Wow- you guys are intense. Maybe I should broaden my search area up a bit...


----------



## kleinenHain (Sep 20, 2007)

I do AKC with my guys and have gone as far as 4 1/2 hours away. Not because there's nothing closer but because I like where I go.

Evansville Indiana has a lot of trials, a few in Kentucky and most in parts of Tennessee. just some thoughts.


----------



## TMarie (Jul 6, 2006)

I do AKC also, and we often drive 6-8 hours for shows/trials. We have several per year locally also, so many are within 20 minutes to an hours drive from me.
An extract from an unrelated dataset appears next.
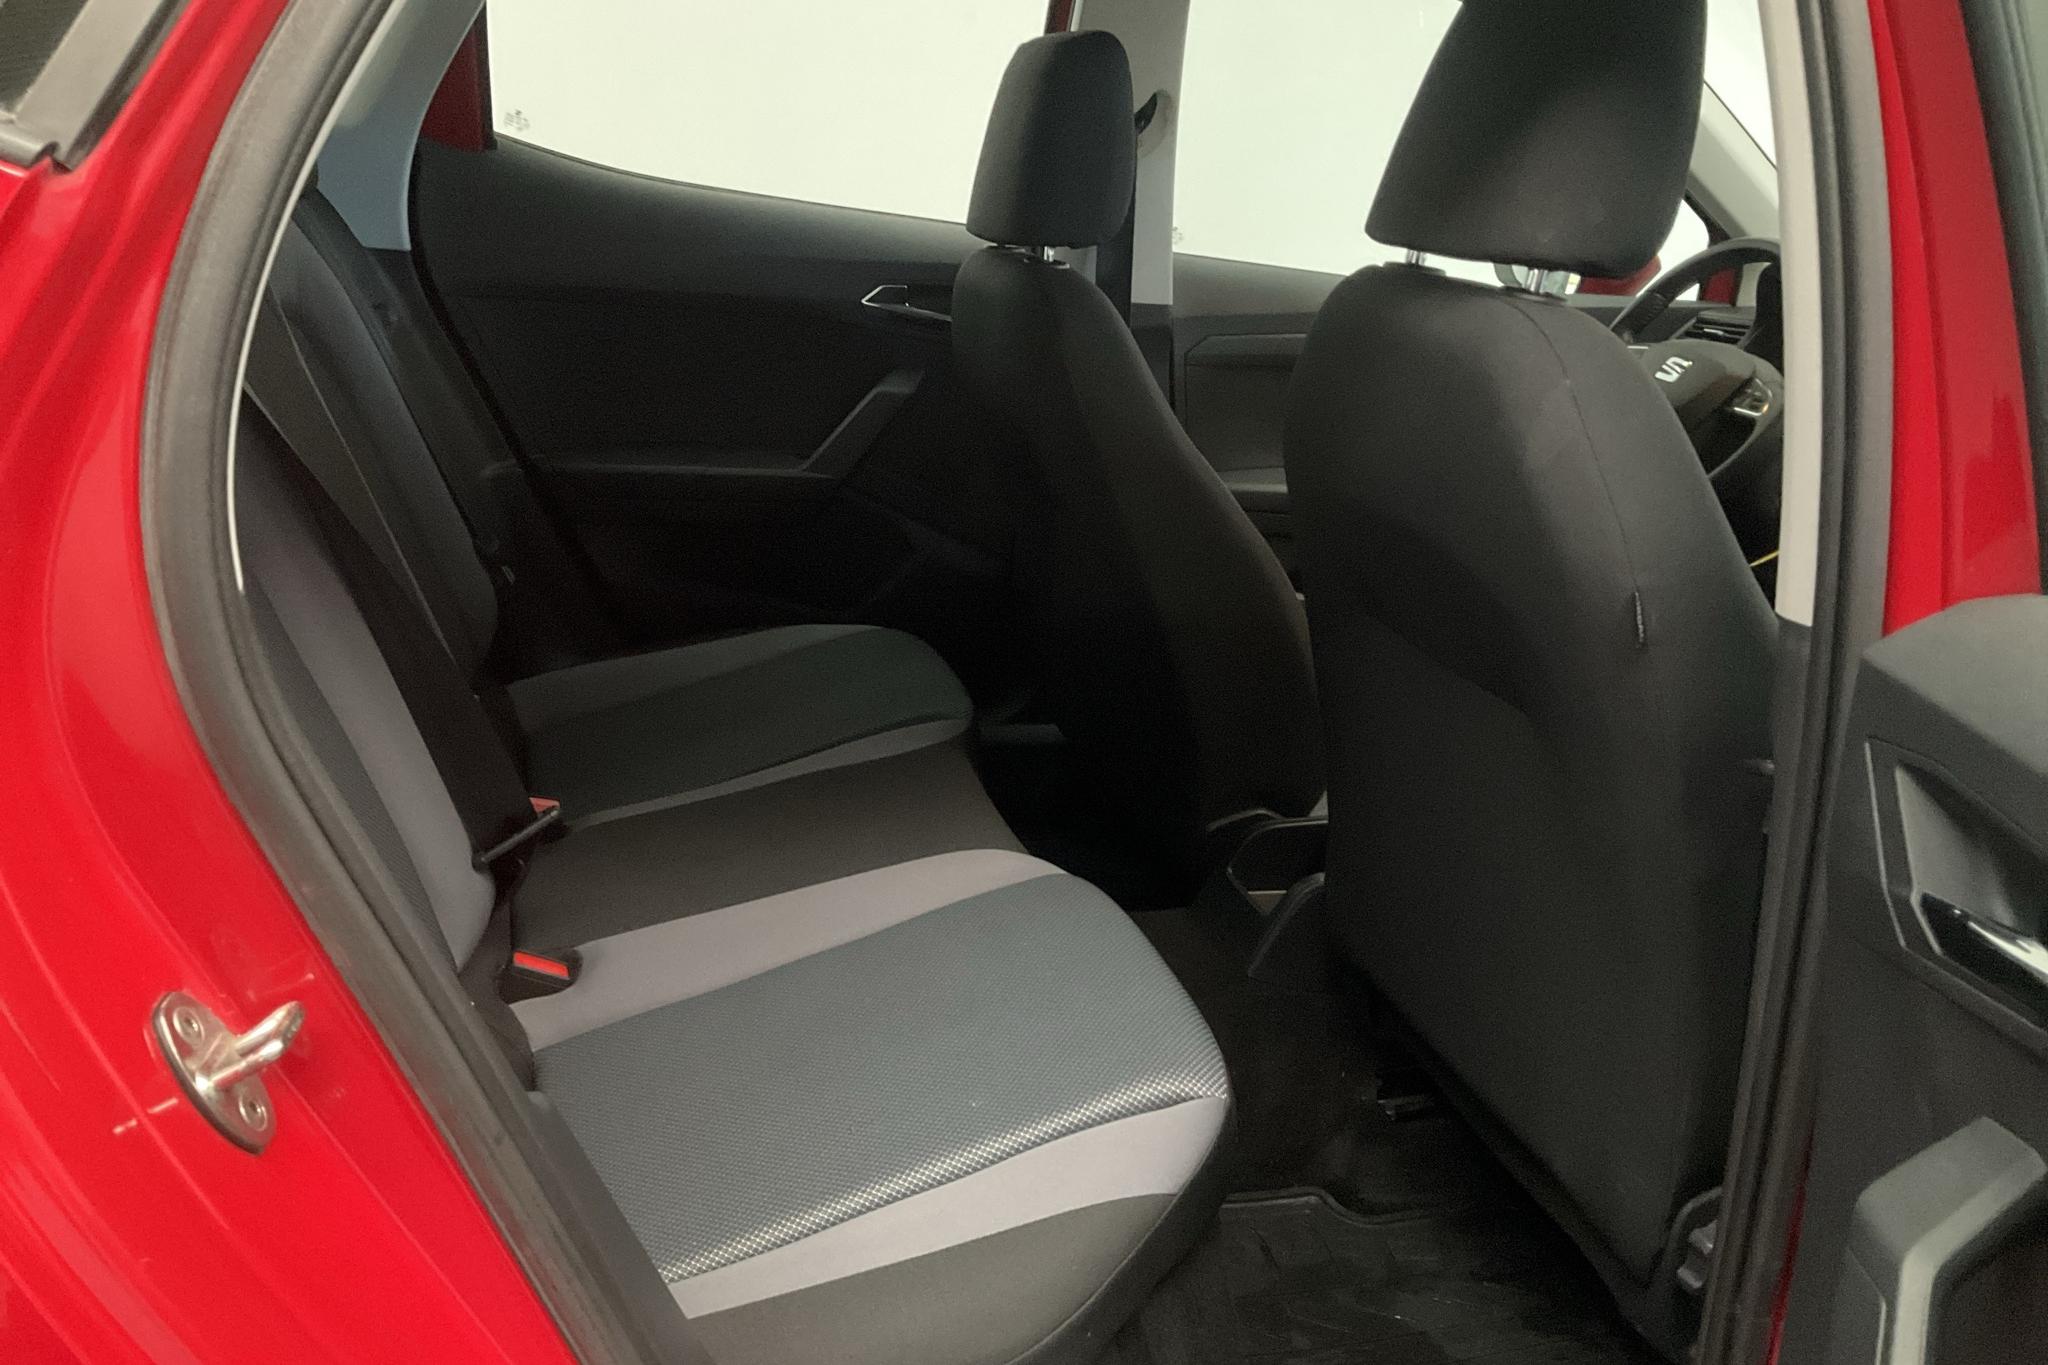 Seat Arona 1.6 TDI 5dr (95hk) - 97 320 km - Manual - red - 2020

We like many of the California and Arizona shows and those are the ones we will drive the 6-8 hours to attend.


----------



## MaggieRoseLee (Aug 17, 2001)

One of the main reasons I mostly run in AKC is because in my area I can pretty much find a trial every weekend within 2.5 hours. That's as far as I'll drive for a regular trial.

Though I've been to Florida, South Carolina and Ohio for Nationals! And Massachusetts and Connecticut for seminars But I won't go west of the Mississippi and won't (at least so far) fly my dogs. :wub:

There are fantastic agility/clicker/jumping seminars available all year long. So being on email listing and websites can be a great addition to regular training. My dream is to get to Susan Garrett's! 

http://www.clickerdogs.com/ 

http://susangarrettdogagility.com/

:thumbup:


----------



## wildo (Jul 27, 2006)

MaggieRoseLee said:


> because in my area I can pretty much find a trial every weekend within 2.5 hours.











I'm jealous.


----------



## MaggieRoseLee (Aug 17, 2001)

Fast Times Home Page is the main Trial Secretary in our area so we can even go to her site to organize our year! 

If you add the USDAA/CPE/NADAC plus other AKC trials in the area that she is NOT the Trial Secretary... it does show how lucky people in the NJ/NY/PA/MD area are. 

Though I will say initially finding the right place to FIND all the trials was a challenge. Once again, i also am on mass agility email groups that give notice on trials opening.


----------



## MaggieRoseLee (Aug 17, 2001)

Agility Club of Indianapolis: About us has some good links to search for events.


----------



## wildo (Jul 27, 2006)

Thanks MRL! I did find the Indy site last night.


----------



## Bcannie (Jul 8, 2009)

I drive 2 hours 20 min each way to train.


----------



## MaggieRoseLee (Aug 17, 2001)

Bcannie said:


> I drive 2 hours 20 min each way to train.


Well, guess I can't complain to you about my 1 hr and 15 min drive to train! :wild:


----------



## wildo (Jul 27, 2006)

MaggieRoseLee said:


> Well, guess I can't complain to you about my 1 hr and 15 min drive to train! :wild:


Nor can I with my 40min drive! :rofl:


----------